Bonus Point: Use techniques such LoRA/QLoRa to reduce the number of trainable parameters, use quantization to reduce the memory requirements.

In [22]:
lora_config = LoraConfig(
    r=16,
    lora_alpha=32,
    target_modules=["q_proj", "k_proj", "v_proj", "o_proj", "gate_proj", "up_proj", "down_proj"],
    lora_dropout=0.05,
    bias="none",
    task_type="CAUSAL_LM"
)
lora_model = get_peft_model(model, lora_config)
print_trainable_parameters(lora_model)

trainable params: 39976960 || all params: 3540389888 || trainable%: 1.1291682911958425


In [23]:
#trainer.py
@dataclass
class TrainingArgs():
    num_epochs: int = 1
    learning_rate: float = 0.0002
    test_size: float = 0.9
    batch_size= 32
    model_name : str = "meta-llama/Llama-2-7b-chat-hf"
    lora_config: LoraConfig = None
    num_warmup_steps: int = 0
    mixed_precision: str = None
    accumulation_steps: int = 1

A couple notes about the above class:
1. We pass in a LoraConfig but not a bnbconfig because at least for the workflow of this assignment, we're loading a quantized version of our model right out of the gate

In [24]:
#trainer.py

class Trainer():
    def __init__(
            self,
            model: torch.nn.Module,
            train_loader: DataLoader,
            val_loader: DataLoader,
            training_args: TrainingArgs
    ):
        self.train_loader = train_loader
        self.val_loader = val_loader

        #load model and apply lora
        self.model = model
        if training_args.lora_config is not None:
            self.model = get_peft_model(model, training_args.lora_config)
            self.model = prepare_model_for_kbit_training(self.model)

        #optimizer
        self.optimizer = bnb.optim.Adam8bit(model.parameters(), lr = training_args.learning_rate)

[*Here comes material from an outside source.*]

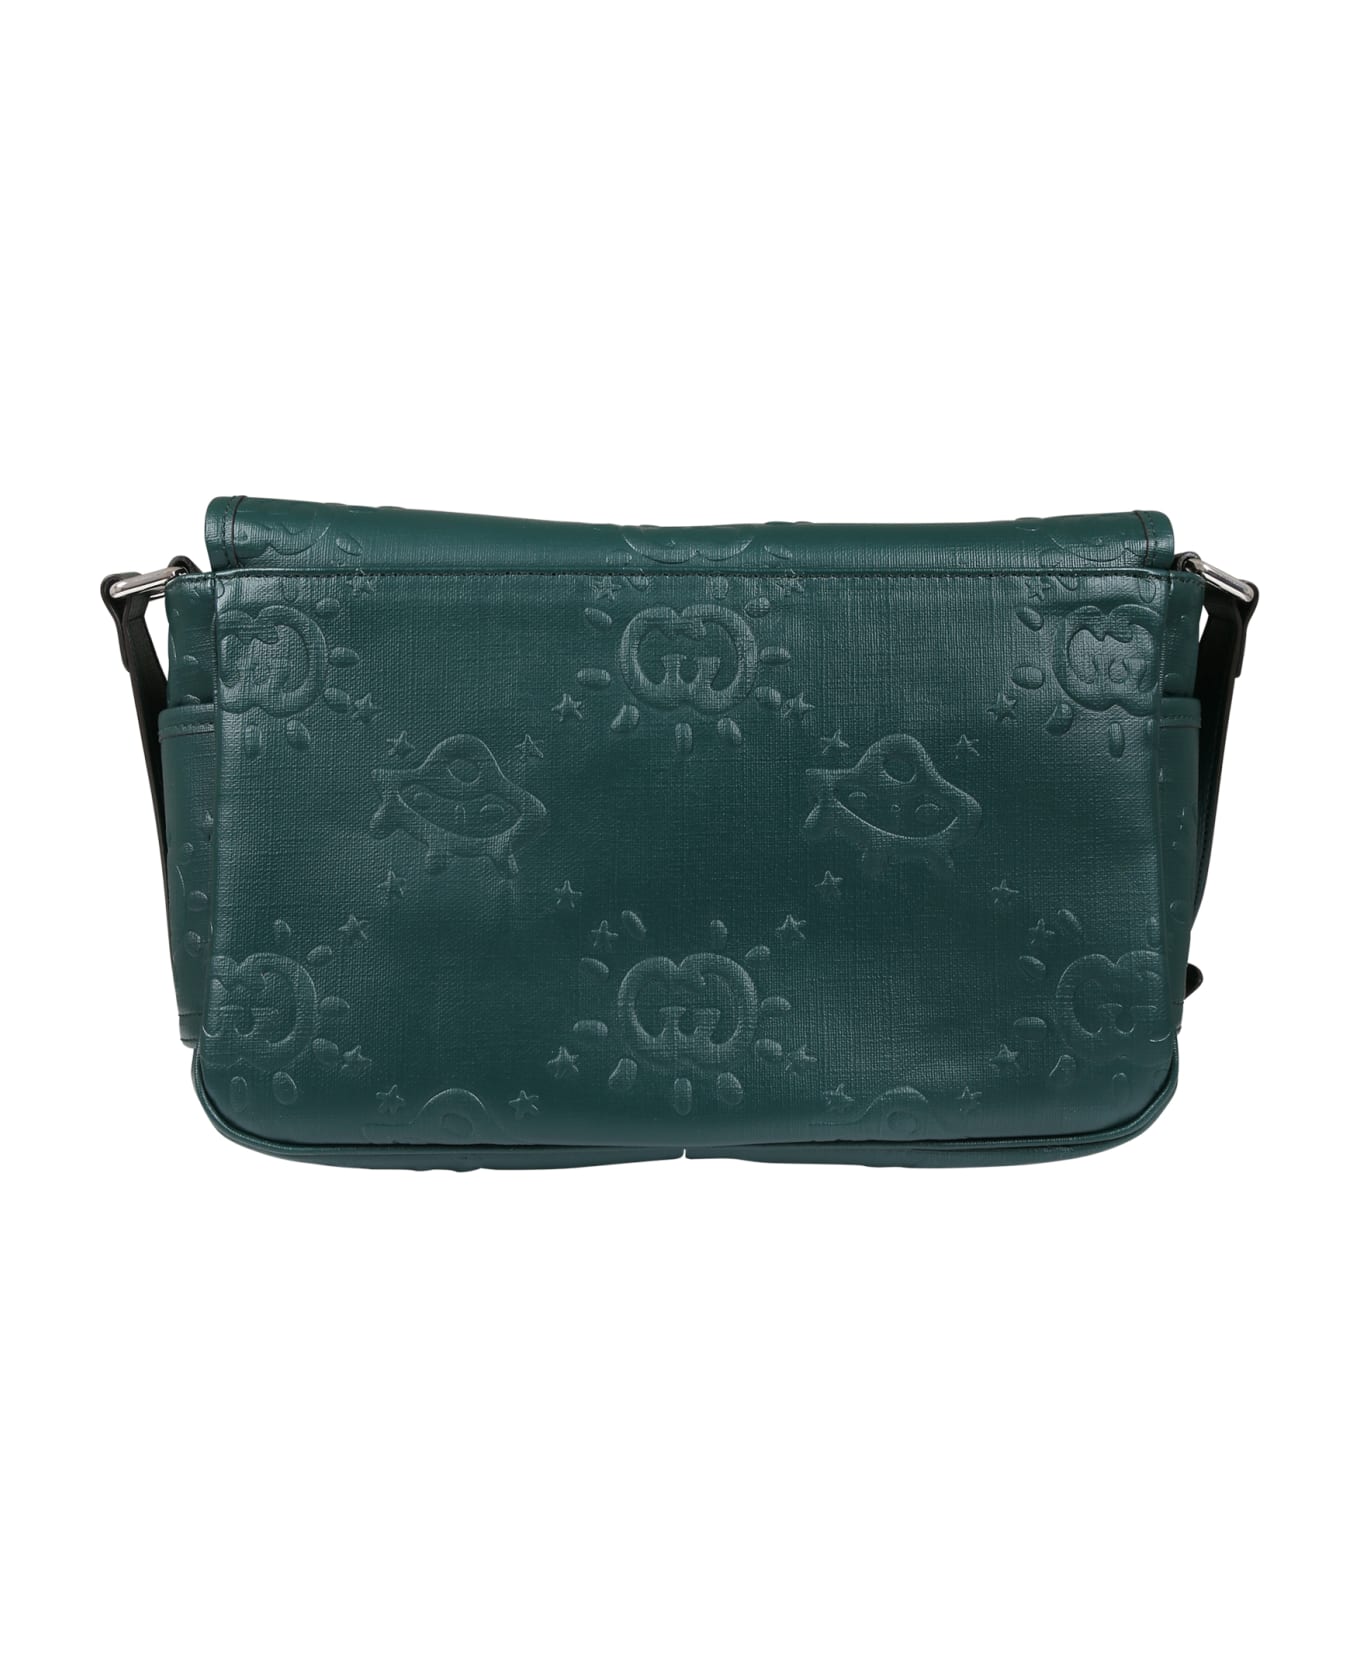 Gucci Green Bag For Girl With Gg Cross - Green アクセサリー＆ギフト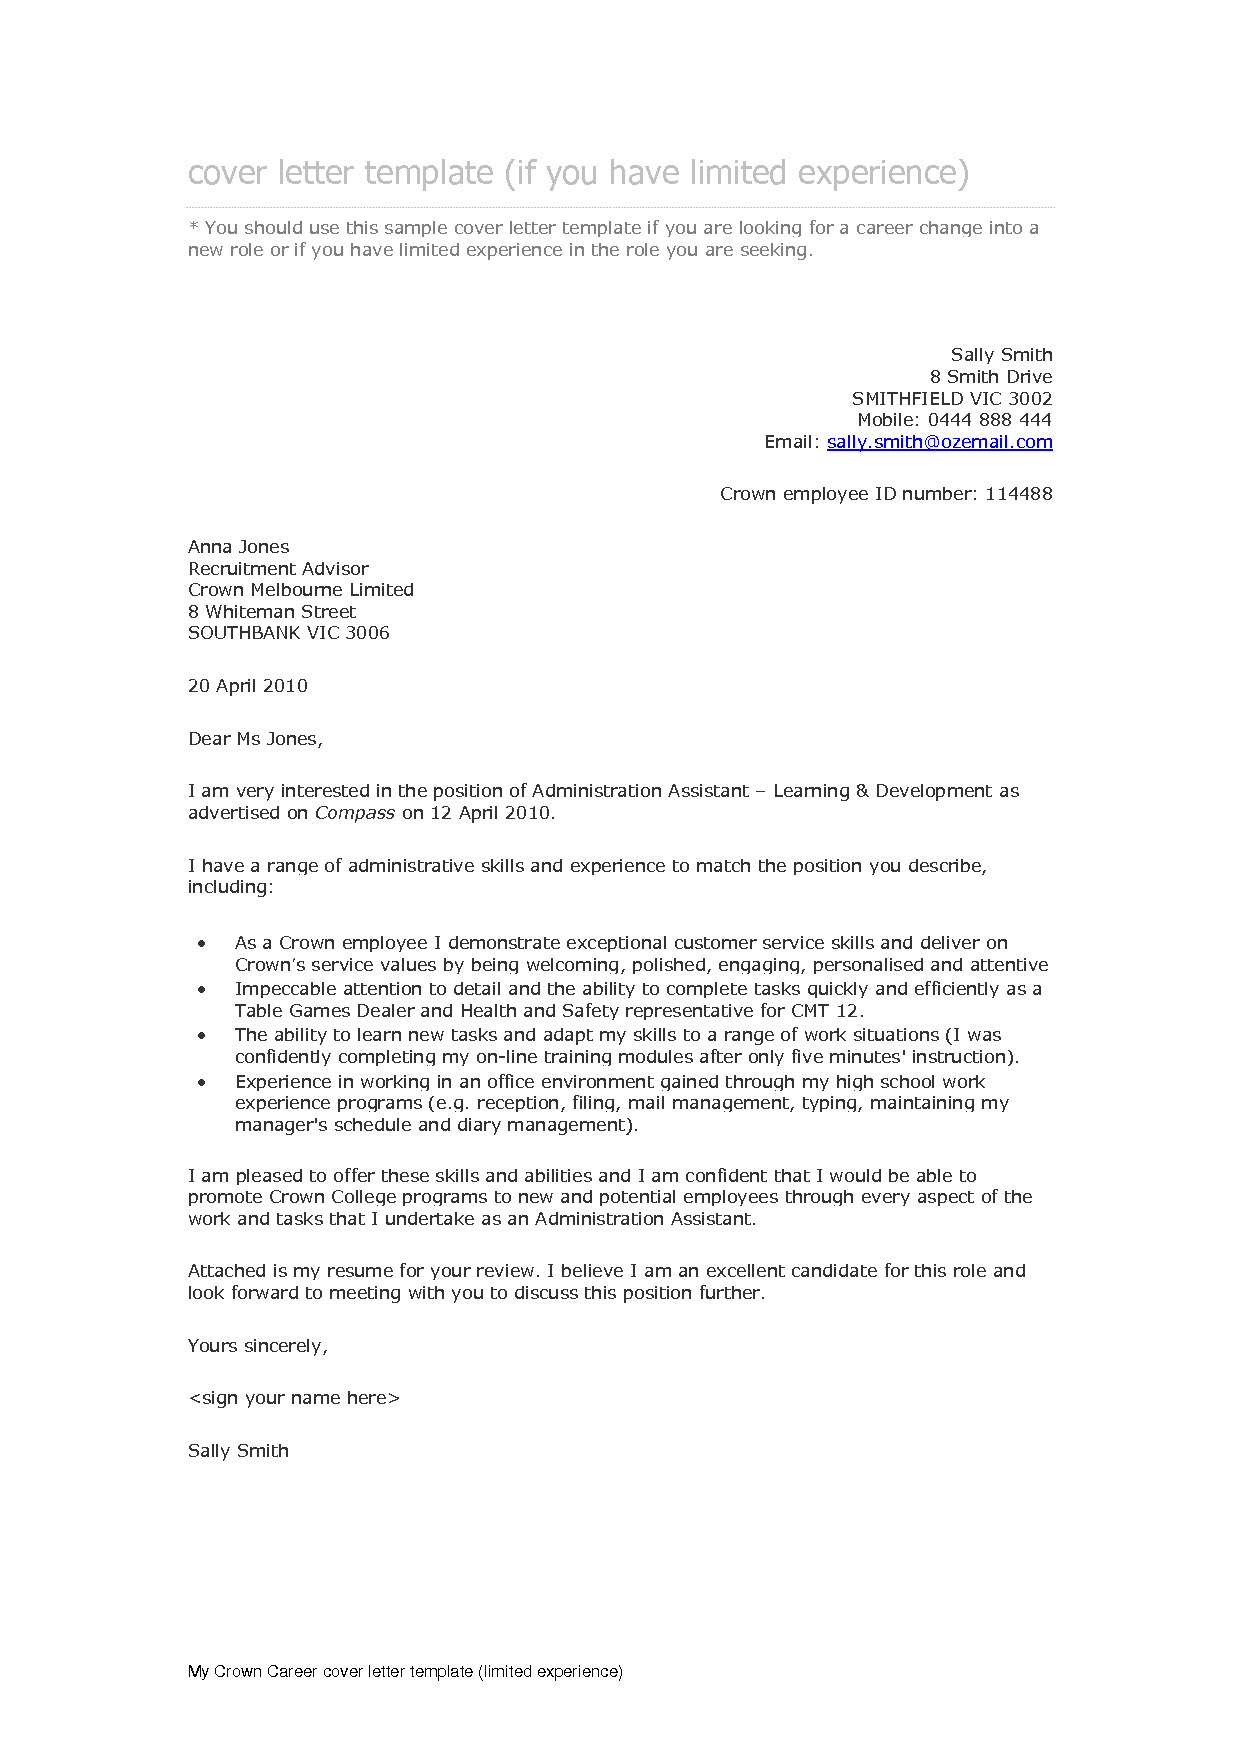 Example Of Cover Letter For Work Placement Mediafoxstudio.com

        #learning rate scheduler
        self.num_epochs = training_args.num_epochs
        self.num_training_steps = len(train_loader)*self.num_epochs
        self.scheduler = get_scheduler(
            "linear",
            optimizer=self.optimizer,
            num_warmup_steps=0,
            num_training_steps=self.num_training_steps,
        )


        #apply accelerator for mixed precision
        self.accelerator=Accelerator()
        self.train_loader,
        self.val_loader,
        self.model,
        self.optimizer,
        self.scheduler = self.accelerator.prepare(self.train_loader,
                                                  self.val_loader,
                                                  self.model,
                                                  self.optimizer,
                                                  self.scheduler)

    def train(self):

        self.model.train()
        progress_bar = tqdm(range(self.num_training_steps))

        for epoch in range(self.num_epochs):

            model.train()
            training_loss = 0
            for step, batch in enumerate(self.train_loader):
                outputs = model(**batch)
                loss = outputs.loss
                training_loss+=loss.item()
                self.accelerator.backward(loss)

                self.optimizer.step()
                self.lr_scheduler.step()
                self.optimizer.zero_grad()

                if step % 100 == 0:
                    print(f'Step {step}/{len(self.train_loader)} Training Loss: {training_loss/step*self.batch_size}')

                progress_bar.update(1)

            print(f'Epoch {epoch} Training Loss: {training_loss/len(self.train_loader)}')

            self.model.eval()
            val_loss = 0
            for step, batch in enumerate(self.val_loader):
                with torch.no_grad():
                    outputs=model(**batch)

                loss = outputs.loss
                validation_loss+=loss.item()

                if step % 100 == 0:
                    print(f'Step {step}/{len(self.val_loader)} Validation Loss: {val_loss/step*self.batch_size}')
            print(f'Epoch {epoch} Val Loss: {val_loss/len(self.val_loader)}')

In [25]:
training_args = TrainingArgs(lora_config=lora_config)

In [26]:
dw = DatasetWrapper(dataset, dataset_name, model_name, training_args.batch_size, training_args.test_size)
train_loader, val_loader = dw.prepare_data()

In [27]:
trainer = Trainer(model, train_loader, val_loader, training_args=training_args)

In [28]:
notebook_launcher(trainer.train(), (model,))



OutOfMemoryError: CUDA out of memory. Tried to allocate 688.00 MiB. GPU 0 has a total capacty of 14.75 GiB of which 73.06 MiB is free. Process 196130 has 14.67 GiB memory in use. Of the allocated memory 11.67 GiB is allocated by PyTorch, and 2.88 GiB is reserved by PyTorch but unallocated. If reserved but unallocated memory is large try setting max_split_size_mb to avoid fragmentation.  See documentation for Memory Management and PYTORCH_CUDA_ALLOC_CONF

## 5. Implement your own generation logic

Modify the `generate()` function to implement the generation logic directly using `model.forward()` instead of using pipeline API. At each generation step, generated tokens are fed as inputs until the stopping condition is met (EOS is generated or max_tokens is reached). Most importantly, make sure that the generations are batched.

Bonus Point:
- Optimize the `generate()` further to use attention key-value caching.

## 6. Plot the effect of training data on the validation loss:
The idea is to vary the amount of data used for training data (e.g. 100, 200, 500, 1000 data points) and understand its effect on the valiation loss. Please provide an explanation along with the plot.

## 7. Applying Chat template:
Suppose you want to switch to a different model and accordingly the prompt template needs to change. So, how would you incorporate this change without having to manually apply the template everytime you change the model?